The problem> Without the pictures, write out all the lines below exactly as they appear.

Stored data>
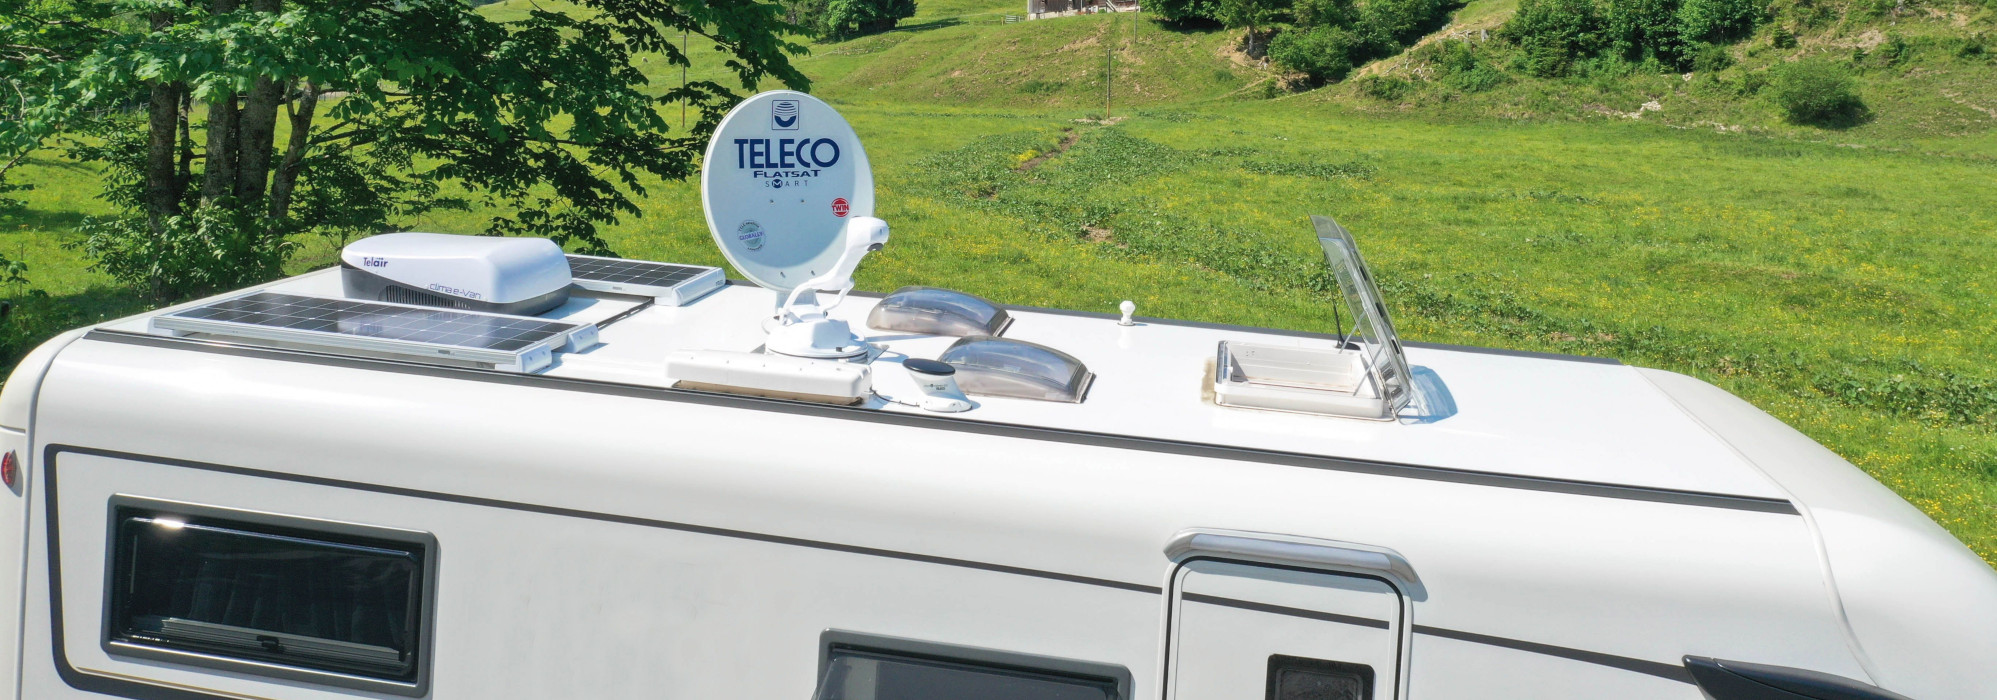 Teleco präsentiert ein neues starres 130-Watt-Photovoltaikmodul
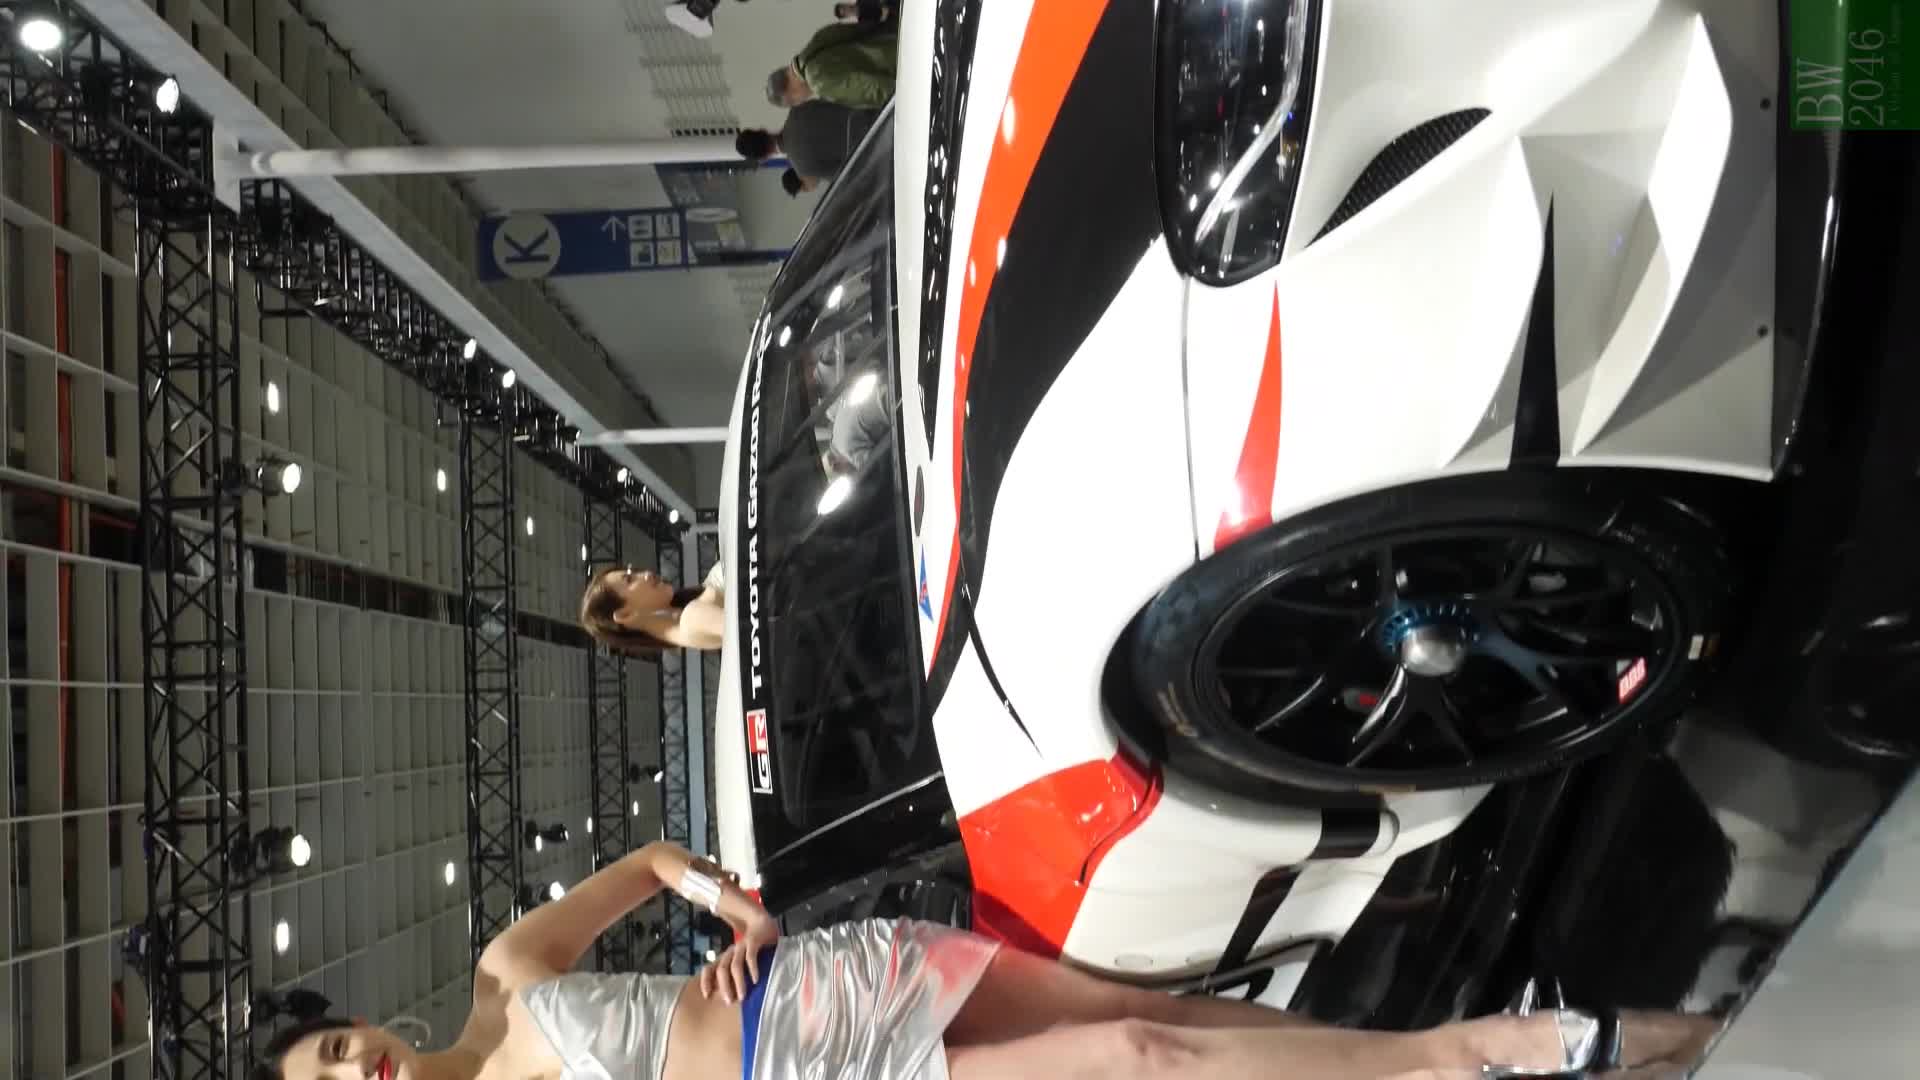 世界新車大展 – 台北車展  Taipei Auto Show 2020 – 車模 28 김연진 金淵珍 Jina @ TOYOTA Gazoo Racing (Mobile Version)
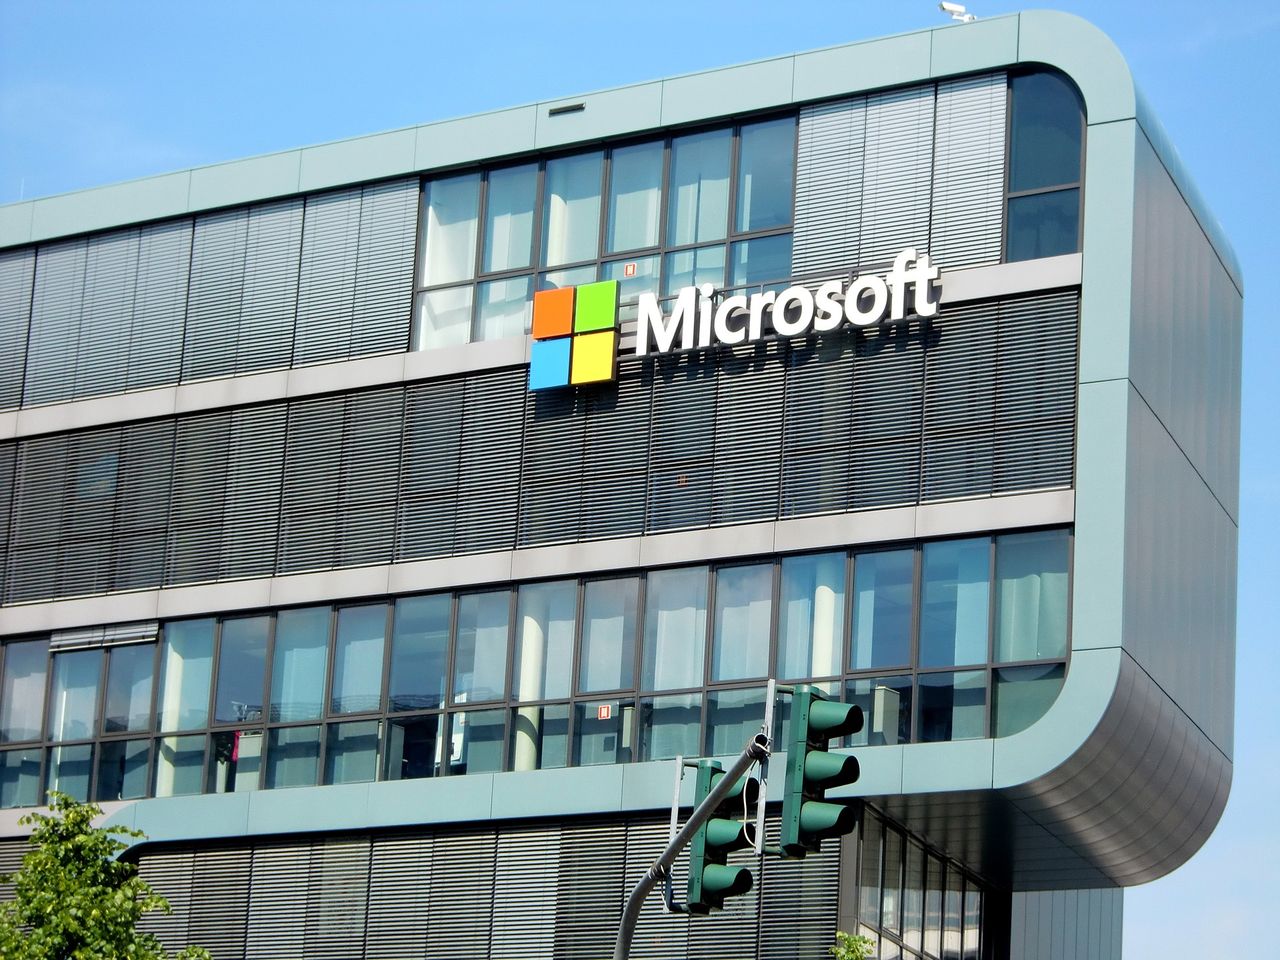 Webowe Office 365 nie dla Linuksa – Microsoft serwuje gorszy kod

Answer section>
 Teleco präsentiert ein neues starres 130-Watt-Photovoltaikmodul
 世界新車大展 – 台北車展  Taipei Auto Show 2020 – 車模 28 김연진 金淵珍 Jina @ TOYOTA Gazoo Racing (Mobile Version)
 Webowe Office 365 nie dla Linuksa – Microsoft serwuje gorszy kod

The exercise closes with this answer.